Throughout my seven years as a math grad student, there was a constant struggle for attention between “what I was supposed to be working on” and “what my heart was into.” This theme played out in different ways over those seven years.
When I first arrived in Princeton in 1978, I discovered that I was the only one in my entering class who hadn’t already taken graduate-level courses as an undergrad. Worse still, the Math Department, catering to its typical clientele, offered no introductory graduate courses. None at all. Our mandate was to learn—or, for my classmates, review—the basic stuff on our own, and then dive into the research-level courses that the various professors offered.
I was adrift. What should I have been doing? Studying even harder about Noetherian rings, the Radon-Nikodym theorem, etc. etc., all at a level of abstraction that I found neither useful nor interesting. What was my heart into? Learning some concrete geometry and topology, along with some general relativity. You can guess what I spent most of my time doing.
As you might imagine, my qualifying exams did not go well. On my first attempt, they let me off the hook on the basic topics with a humiliating but welcome remark that “you can learn this stuff when you teach it.” But for the advanced topics, they wanted me to try again the next year. They weren’t impressed then either, but they decided that I should start working on a thesis anyhow.
By then, I’d signed on with Bill Thurston as my advisor. I don’t remember what problems I was supposed to be working on, but I made no progress with them. What was my heart into? By that time, my fellow grad students, colored chalk in hand, had introduced me to the beautiful world of low-dimensional topology, and I’d fallen in love with it. I’d also noticed that all books on the subject involved a lot of graduate-level algebra and analysis that really wasn’t needed to understand and appreciate the core concepts of geometric topology.

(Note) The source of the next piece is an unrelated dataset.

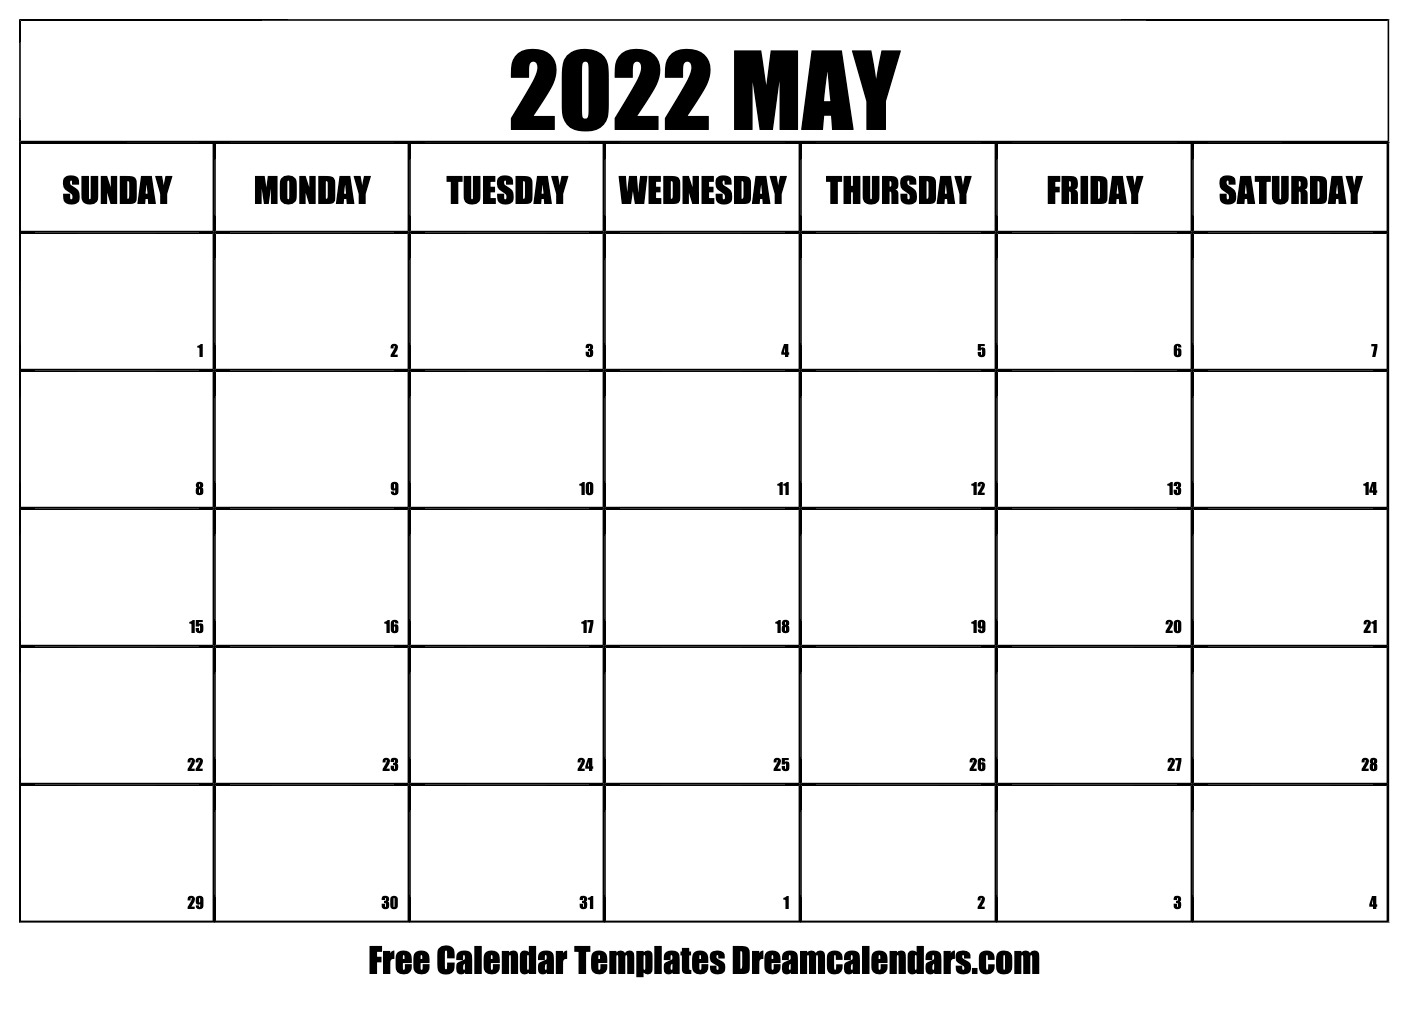 Take May 2022 Calendar With Us Holidays
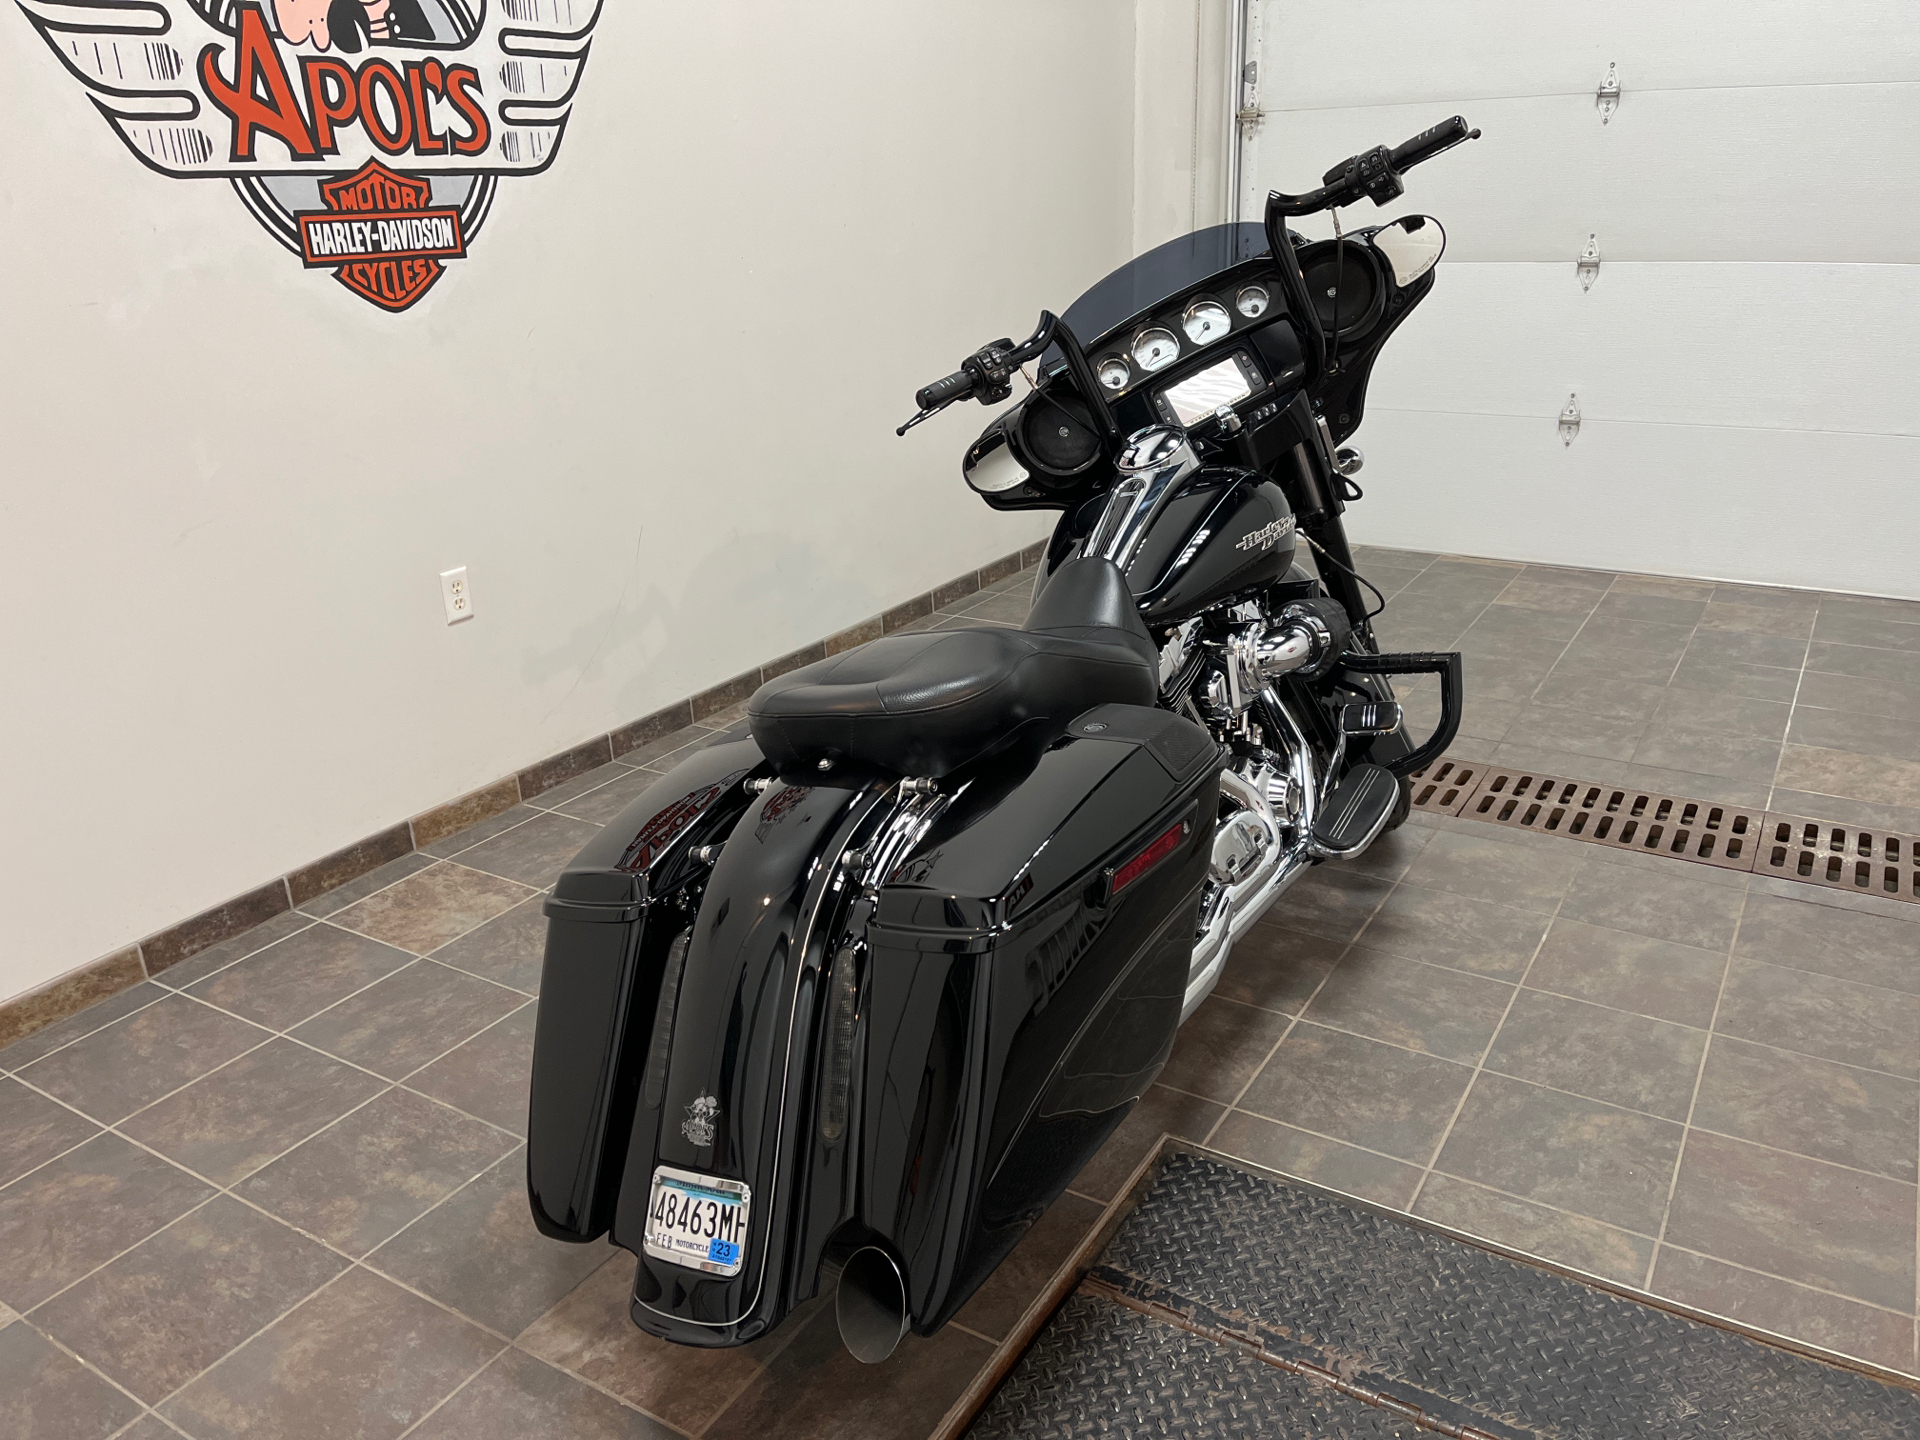 2014 Harley-Davidson Street Glide® Special in Alexandria, Minnesota - Photo 3

So, I decided to ignore my thesis problems and instead took it upon myself to write the “missing book,” something that would welcome everyone—from high school students on up—into the magic world of multi-connected spaces.
That project took several years, with the book, The Shape of Space, finally completed in my fifth year as a grad student. My grad student stipend ended that year, so during what would have been my sixth year, I taught at Stockton State College and saved up enough money to return to Princeton and write a thesis in the seventh year. I don’t remember what I was supposed to be working on, but while Bill Thurston was away for the winter holidays, I decided to grant myself an indulgence to investigate some especially simple 3-manifolds and write a little computer program to find hyperbolic structures for some of them. I was lucky enough to stumble onto the smallest closed hyperbolic 3-manifold. During my first meeting with Bill after the holidays, I figured I’d briefly mention this little discovery. Bill responded with some ideas for how I might move forward with these investigations and how I might extend my little computer program. He said not a word about my old boring thesis topic, so by the time the hour was over, it was clear I had his blessing to do a thesis with my software for putting hyperbolic structures on 3-manifolds. “What my heart was into” had finally become “what I was supposed to be doing”!
Throughout six-and-a-half of my seven grad school years, I’d always felt that I would have been better off with a different advisor at a different school, with a firmer hand to guide me. But in retrospect, Thurston’s approach was exactly the right one: he let me find my own path. By the end of those seven years, I had some research software (SnapPea) and a book (The Shape of Space). In my heart, the book was my true dissertation. Even though it did nothing to satisfy Princeton’s Ph.D. requirements, it set the tone for my whole professional life, both in content (geometry, topology, cosmology) and style (exposition for the general public).
As for my advice to current students, I dearly wish I could say “follow your heart” and leave it at that. But, of course, it’s not quite that simple. One needs a paying job. So, my advice is: follow your heart, and find a way to turn your passion into your livelihood. I wish you good courage and the best of luck.
Jeff Weeks is a free-lance geometer, topologist and occasional cosmologist. His favorite successful projects are the third edition of his book The Shape of Space and the Geometry Games software. His favorite unsuccessful project was collaborating with cosmologists to deduce the topology of the universe from the cosmic microwave background. Support over the years has come from the National Science Foundation, a MacArthur Fellowship, lectures, and occasional work for science museums. In his spare time, he enjoys biking (spring, summer, autumn) and cross-country skiing (winter) with his wife, and learning foreign languages.